#### Problem statement:
When you transcribe the entries below, keep the wording exact and omit the pictures.

#### Supplied data:
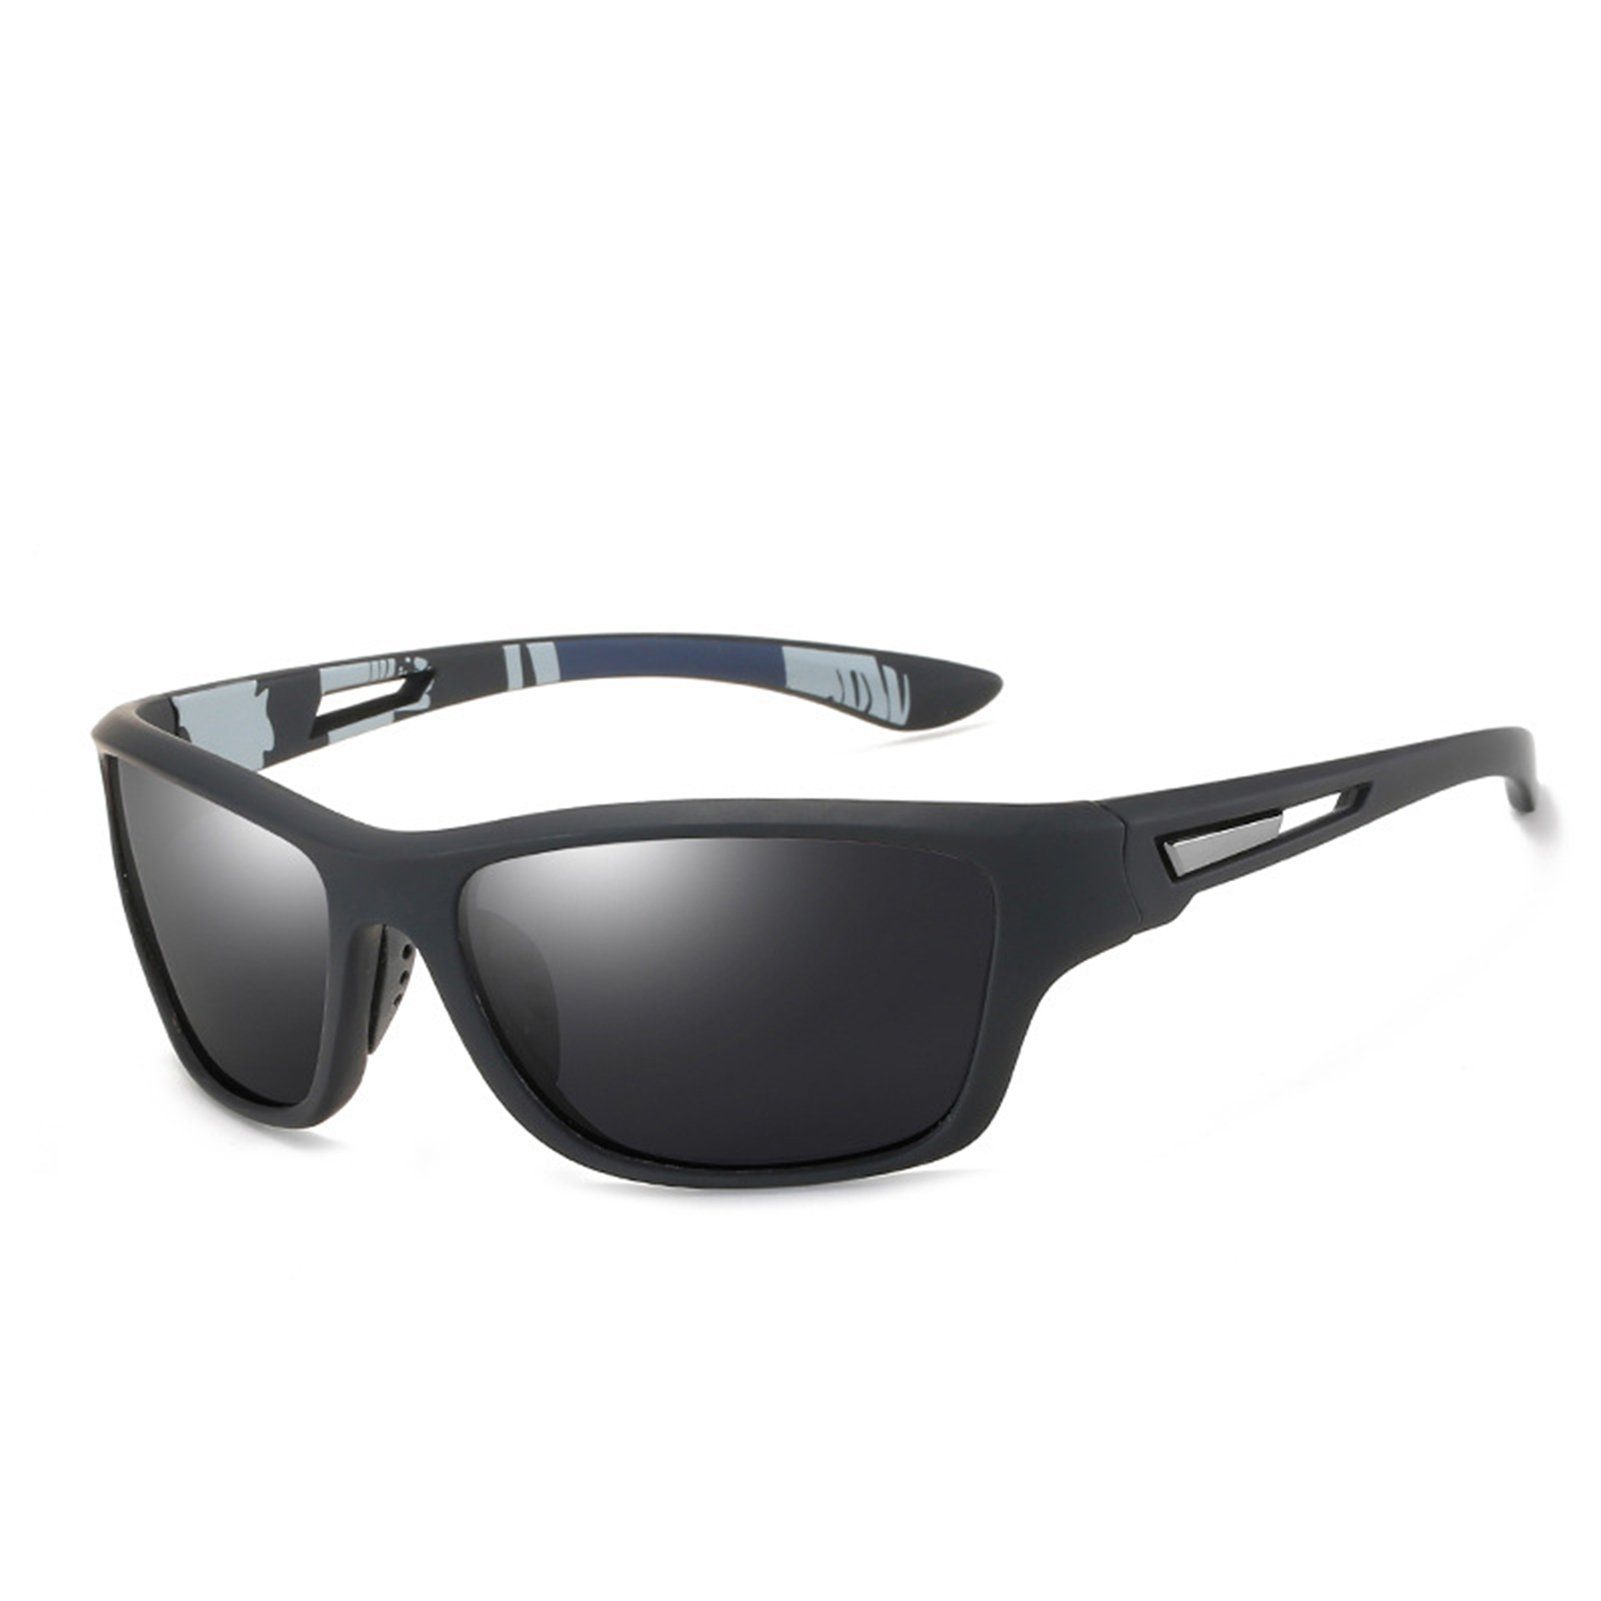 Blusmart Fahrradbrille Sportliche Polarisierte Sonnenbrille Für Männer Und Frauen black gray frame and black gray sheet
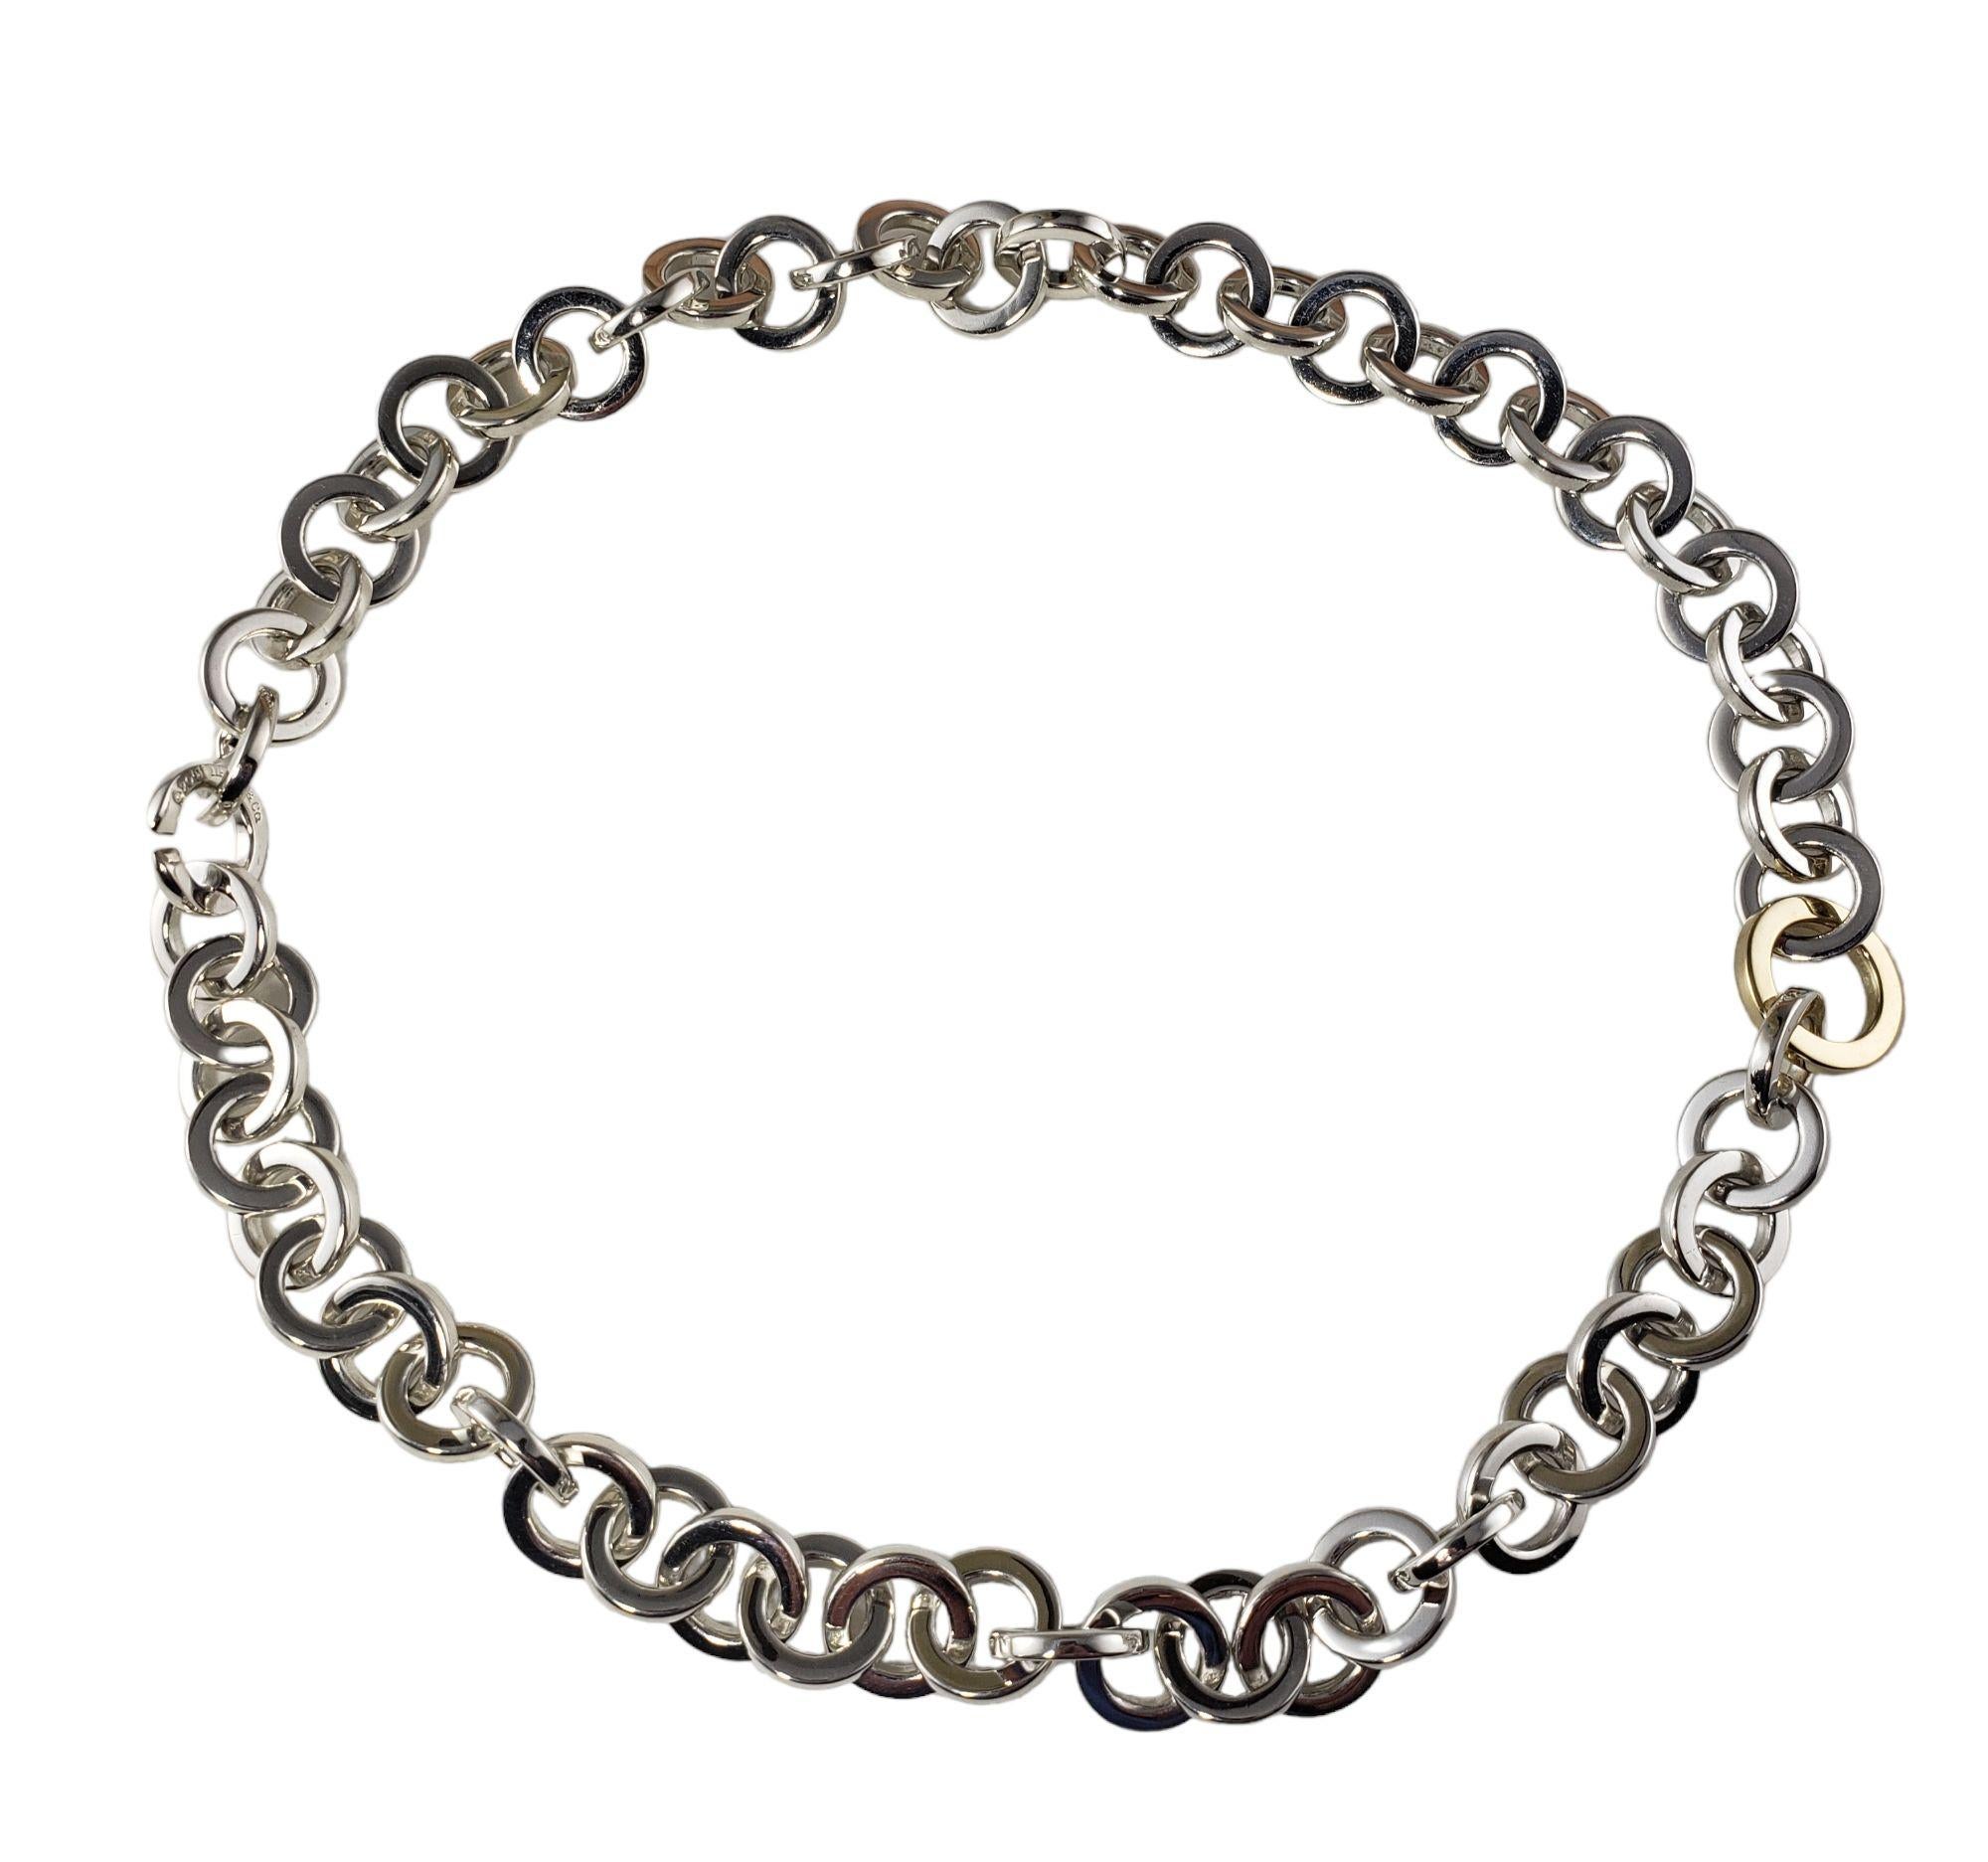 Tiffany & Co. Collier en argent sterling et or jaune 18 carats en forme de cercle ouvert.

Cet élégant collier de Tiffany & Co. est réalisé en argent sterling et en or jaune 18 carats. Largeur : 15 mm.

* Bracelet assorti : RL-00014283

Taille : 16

#### Answer space:
 Blusmart Fahrradbrille Sportliche Polarisierte Sonnenbrille Für Männer Und Frauen black gray frame and black gray sheet
 Tiffany & Co. Collier en argent sterling et or jaune 18 carats en forme de cercle ouvert.

Cet élégant collier de Tiffany & Co. est réalisé en argent sterling et en or jaune 18 carats. Largeur : 15 mm.

* Bracelet assorti : RL-00014283

Taille : 16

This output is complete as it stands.